His publicist calls Piers Paul Read "the anti-Dan Brown." She's capitalizing on a buzz-worthy name, sure, but it's a fairly insightful description of a man whose latest book, The Death of a Pope, explores not the Brownish theme of the Catholic Church secretly at work in world affairs, but rather its inverse — how worldly factions seek to transform the traditionalist Church through its cloistered traditions.
|The Death of a Pope | by Piers Paul Read | Ignatius Press | 225 pages | $21.95|
Read is best known to a generation of readers as the author of Alive: The Story of the Andes Survivors (J.B. Lippincott, 1974), about the high-mountain plane crash that killed several members of a Uruguayan rugby team; the survivors, strengthened by eating the flesh of their dead friends, made a nearly impossible trek to civilization and rescue.

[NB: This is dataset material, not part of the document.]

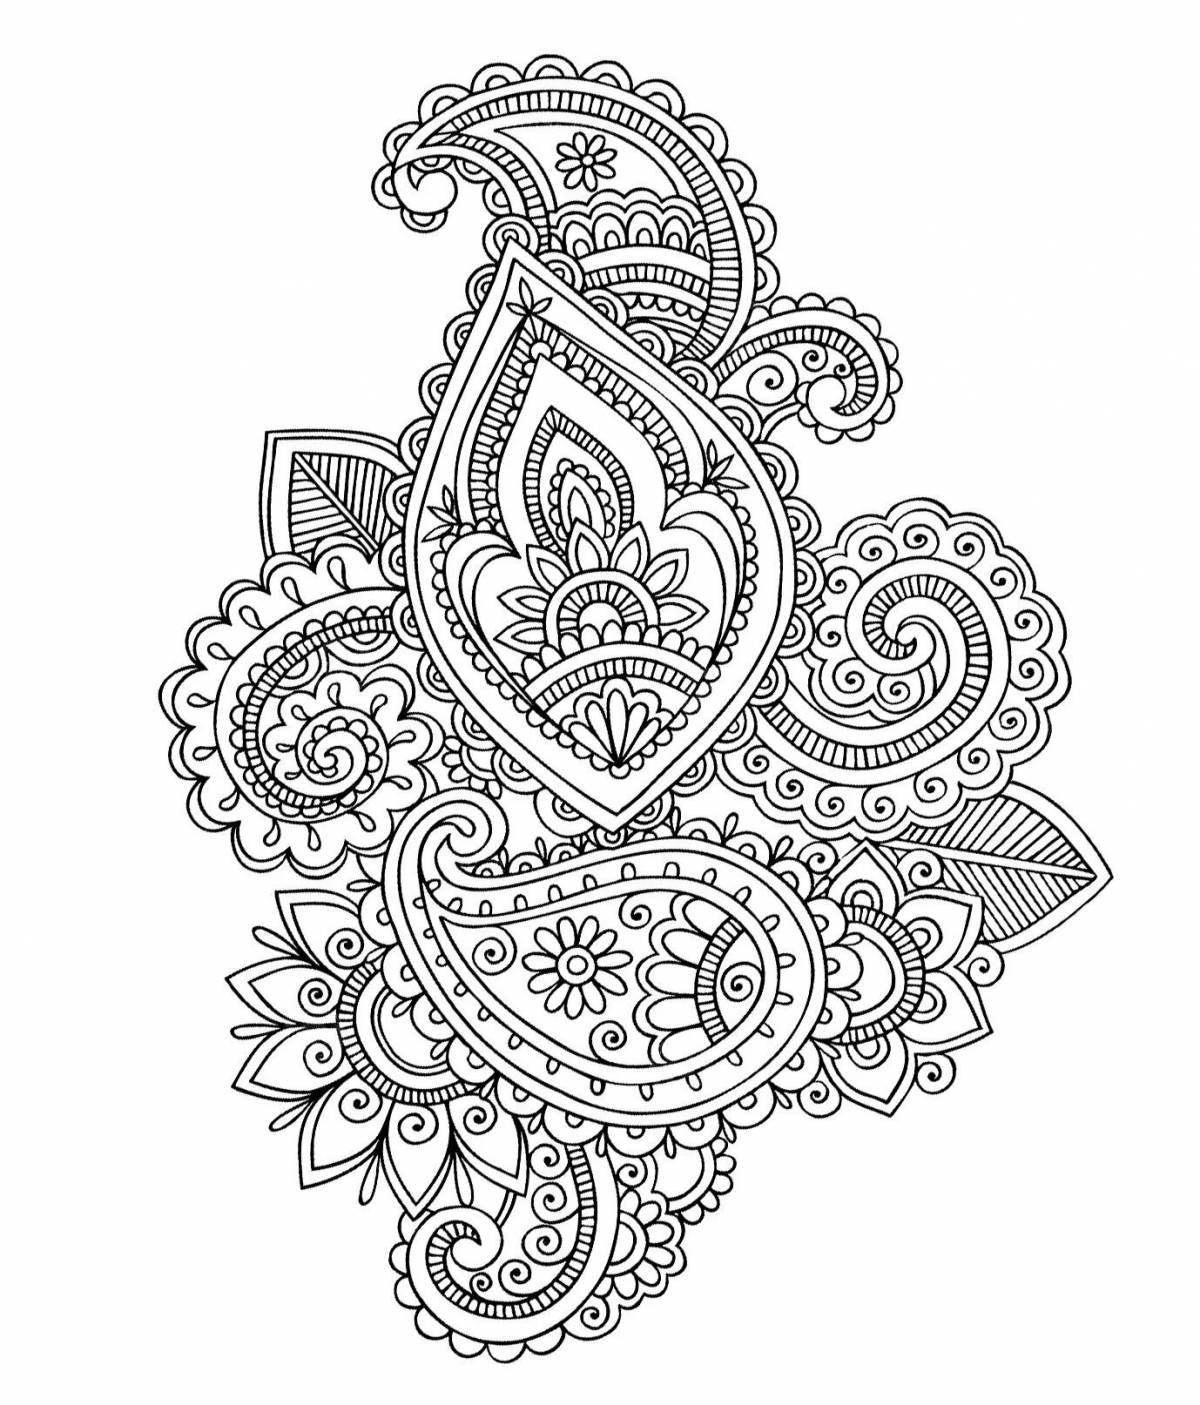 Bright patterns and ornaments for coloring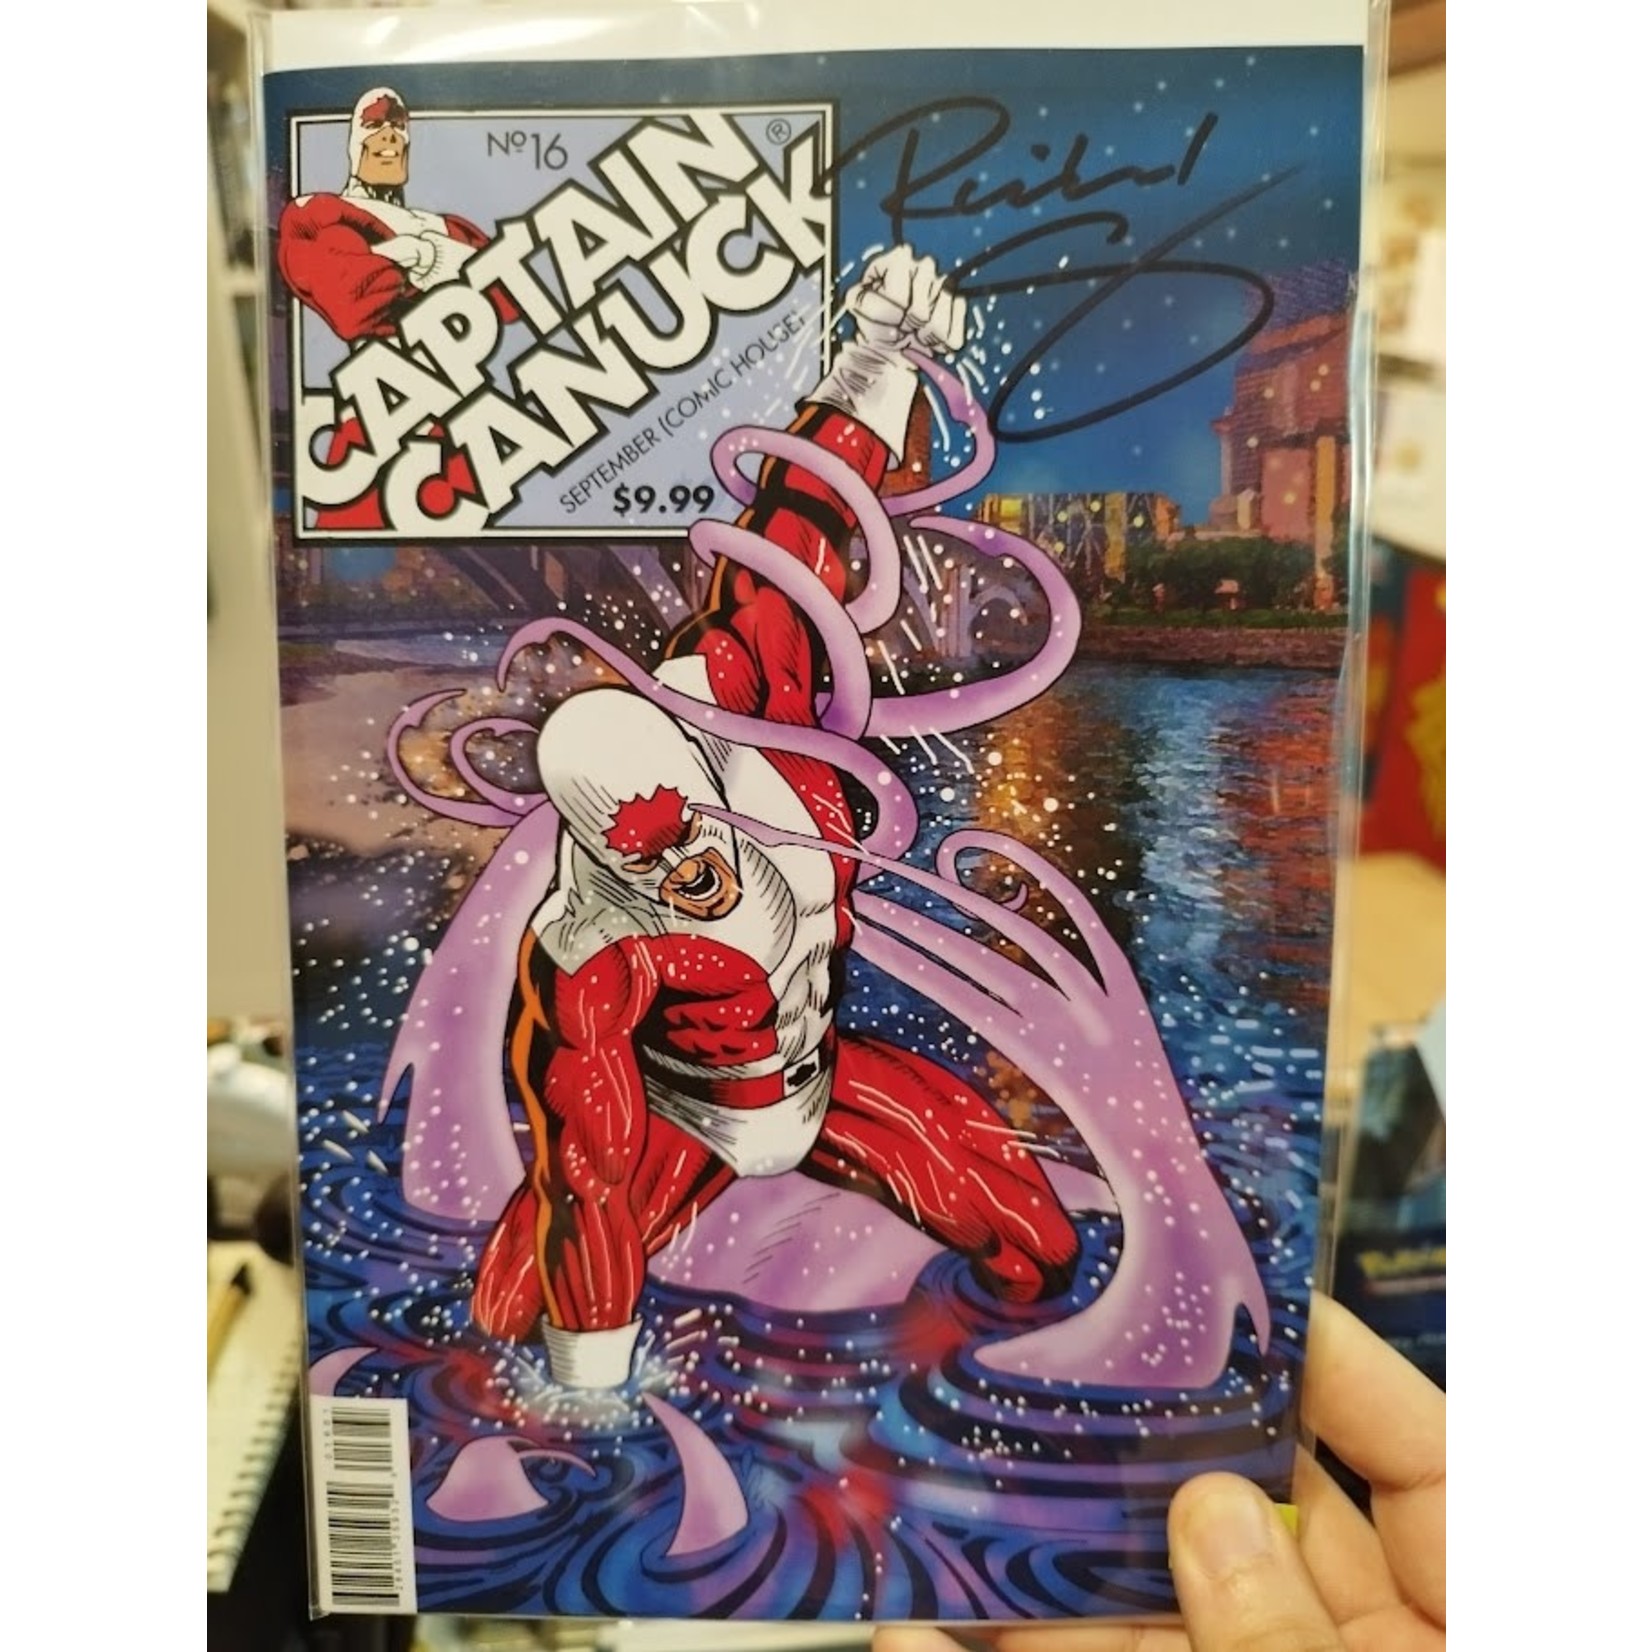 Chapterhouse Captain Canuck #16 (Richard Comely Variant) Signed by Creator Richard Comely

"I had quite a sheltered upbringing," says the soft-spoken Englishman, who stopped through Maine last week for a reading in Augusta (but, oddly, not in Portland). As a young adult, he says he was "very revolutionary," promoting Marxism in Latin America, but came to doubt whether his socially disruptive efforts would really help people in need. That period in his life both was part of, and deepened, his quest to overcome insularity by inquiring deeply into the outcomes of efforts by those who claim to know the ultimate unknowable, God's will.
His understanding of that struggle lends a quiet weight to the smooth, quick readability of The Death of a Pope. Set in the days between John Paul II's death and the election of Benedict XVI, the book follows the forces swirling around the conclave of cardinals that selects a new pope, including conniving princes of the church, radical Catholic missionaries, and innocents who find themselves involved.
The end leaves much room for speculation about what comes next, but suggests an answer to the age-old question of whether salvation is earned by words, deeds, or faith alone.